- WHAT TO WORK ON
Please write out all the data that follows exactly, without the pictures.

- DATA BELOW
::::::::

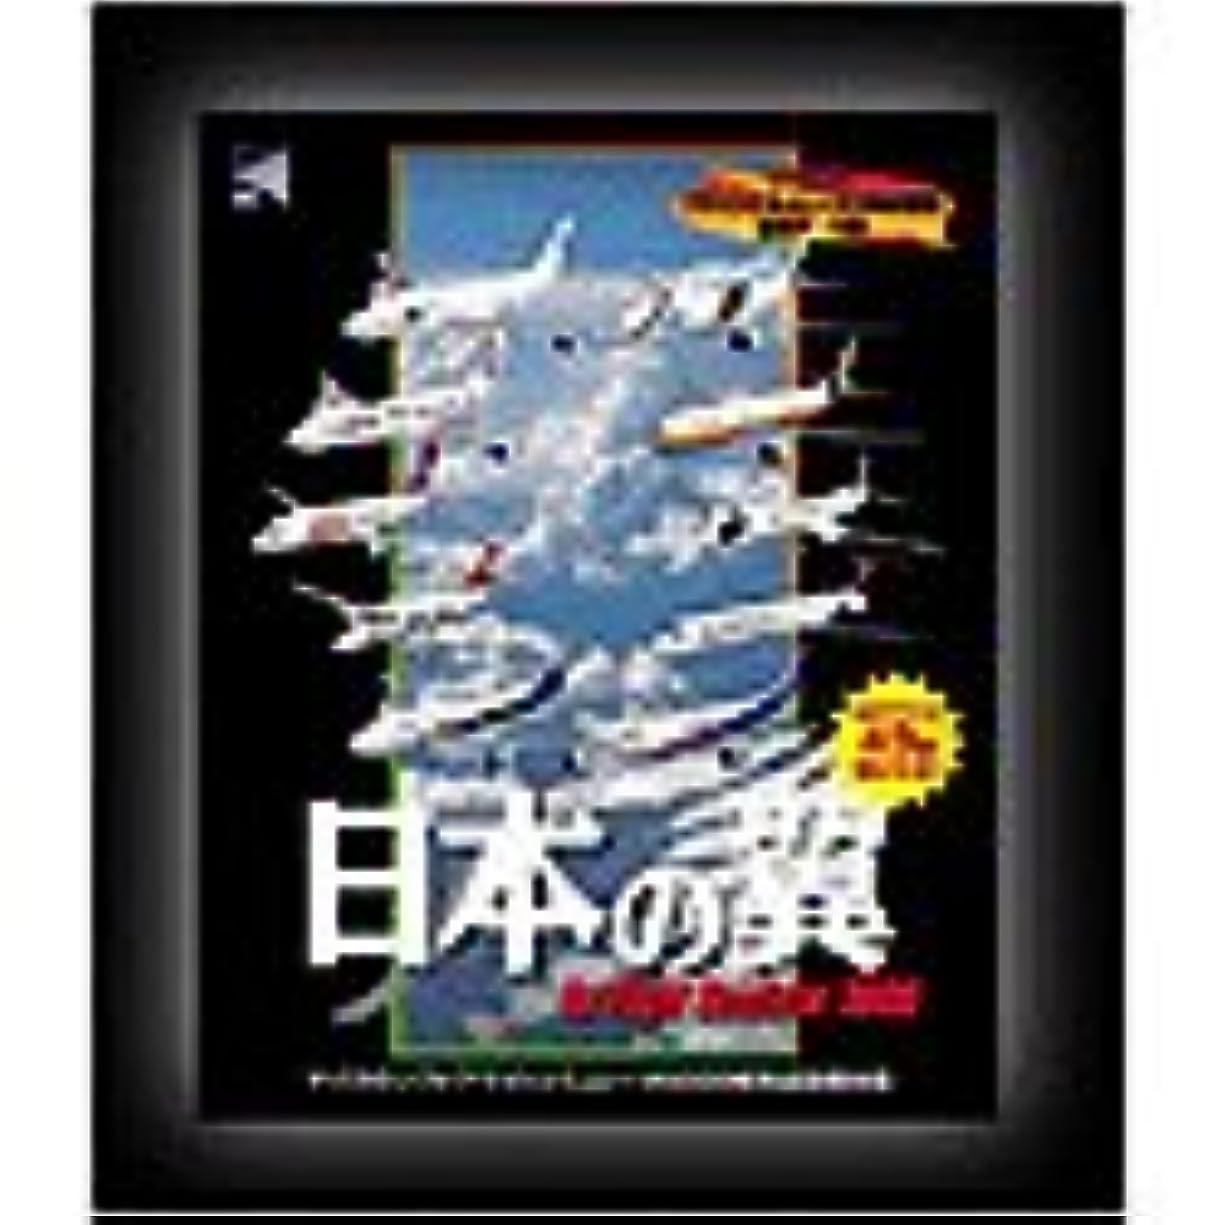 悪行感情の役員日本の翼 for Fight Simulator 2000
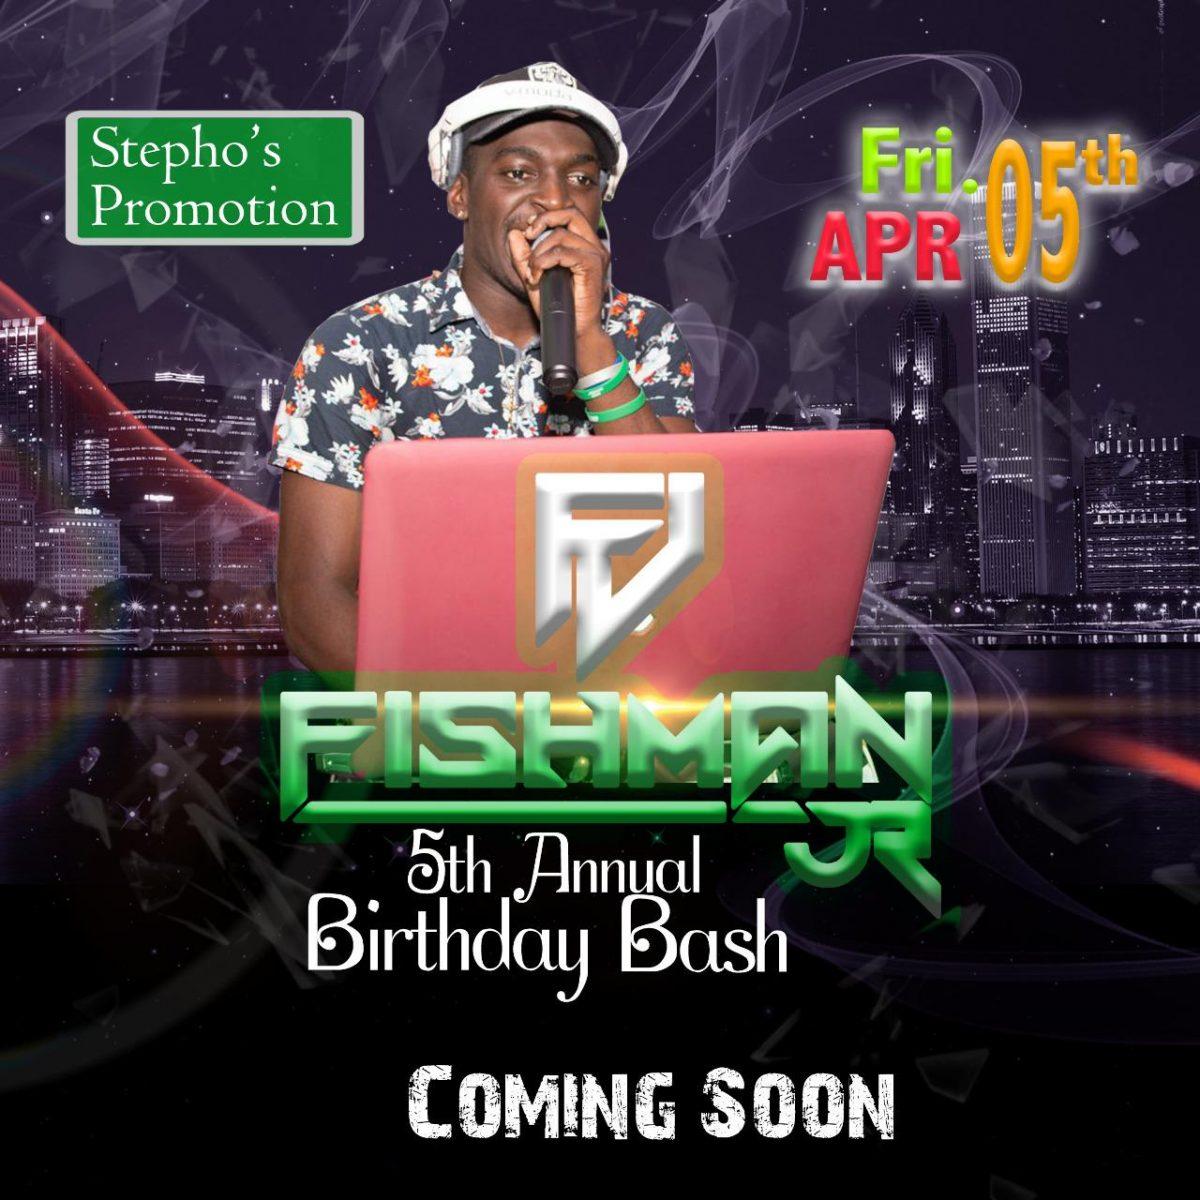 DJ Fishman 5th Annual Birthday Bash
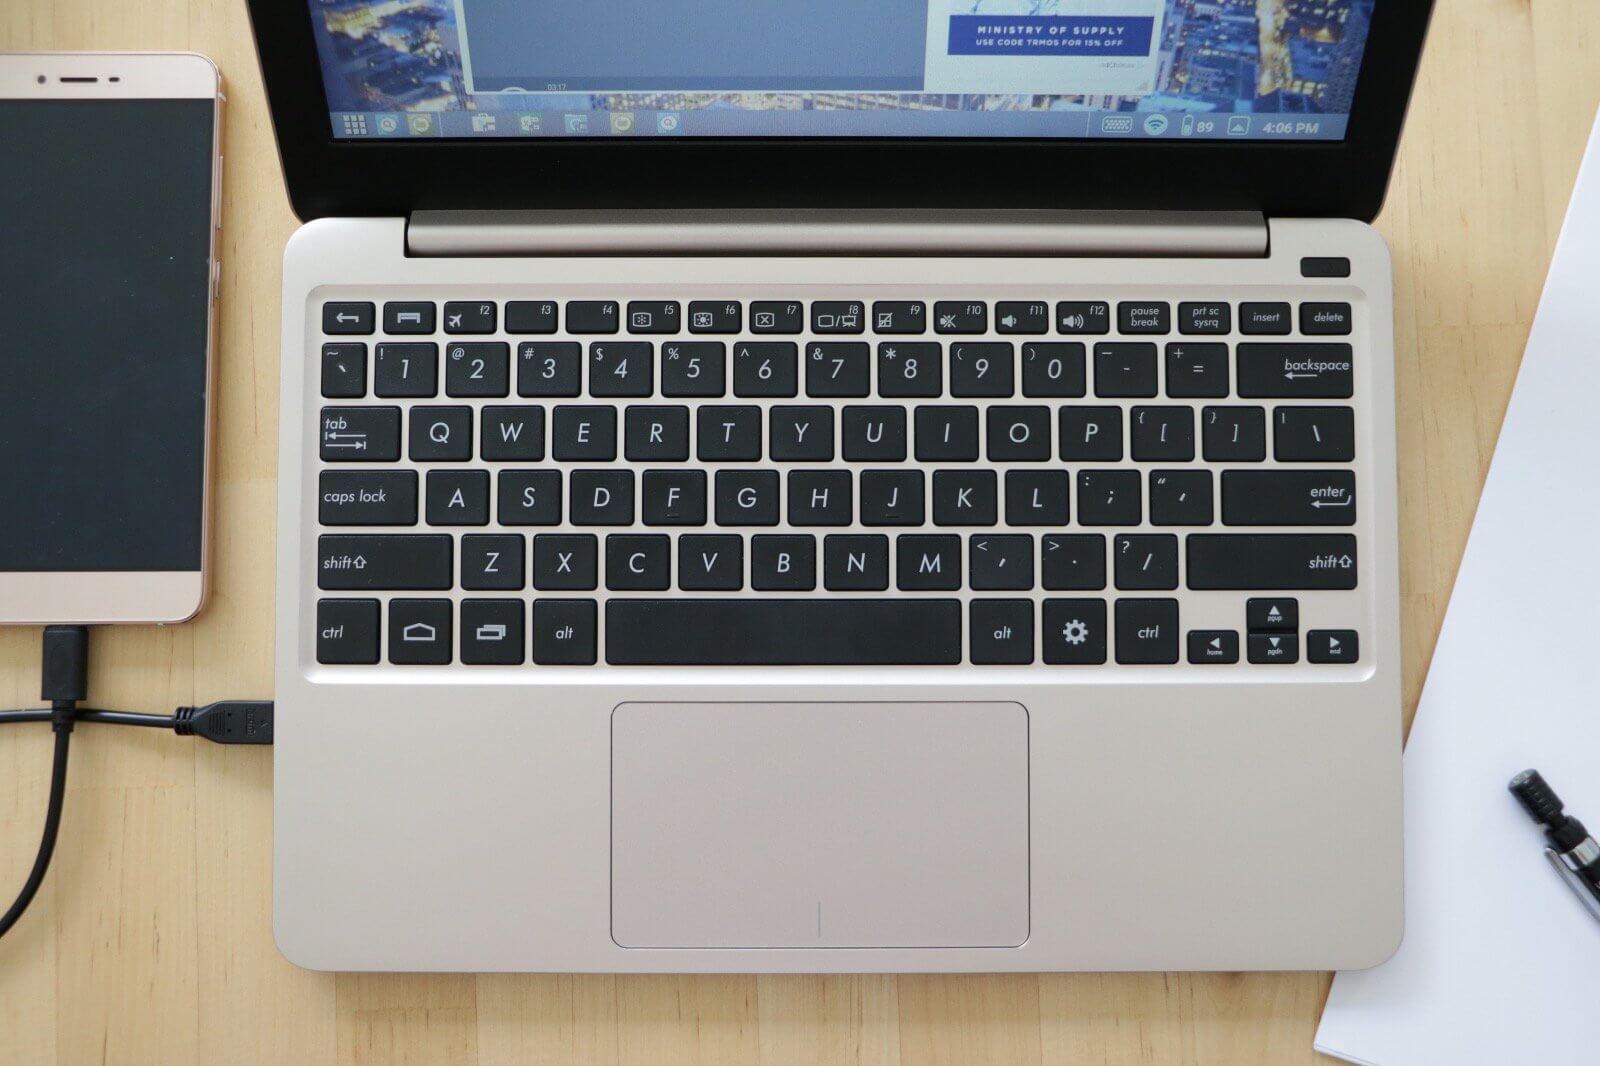 The Superbook - смартфон-андроид и полноценный ноутбук в одном
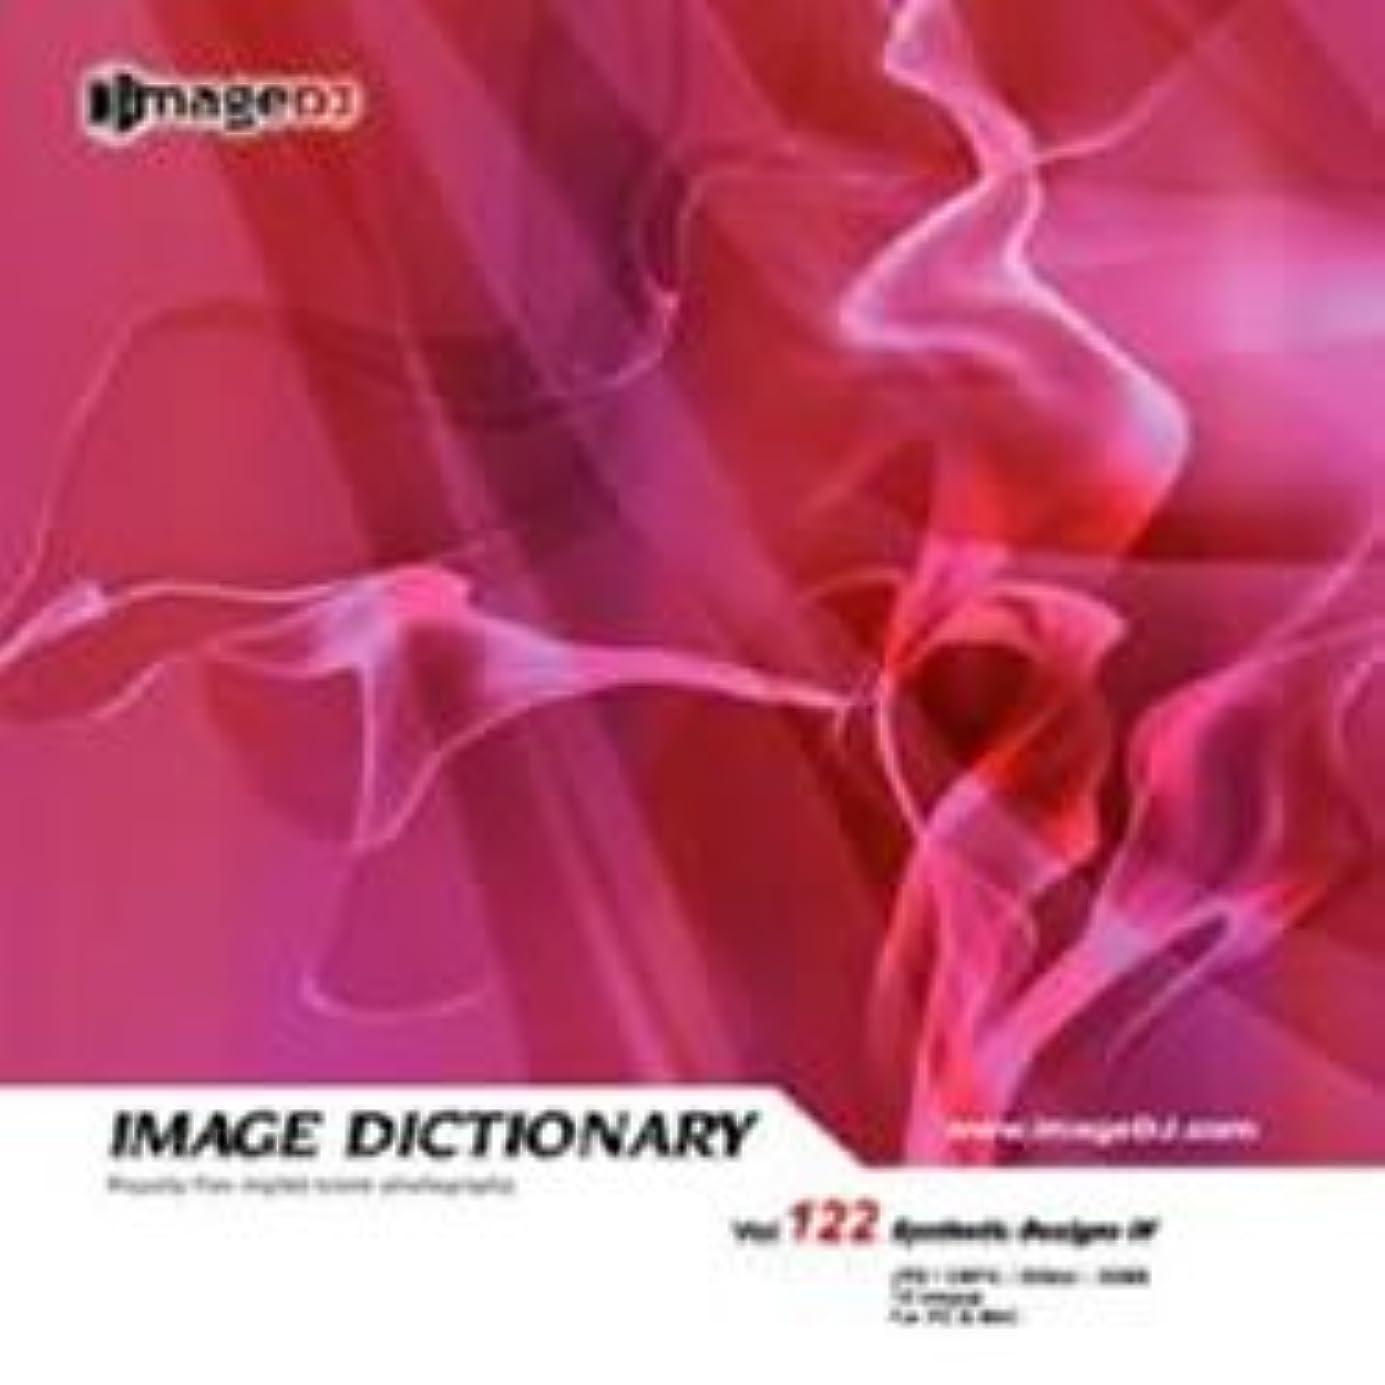 大臣感謝する日付付きイメージ ディクショナリー Vol.122 合成図案(3)

::::::::

- ANSWER BOX
 悪行感情の役員日本の翼 for Fight Simulator 2000
 DJ Fishman 5th Annual Birthday Bash
 The Superbook - смартфон-андроид и полноценный ноутбук в одном
 大臣感謝する日付付きイメージ ディクショナリー Vol.122 合成図案(3)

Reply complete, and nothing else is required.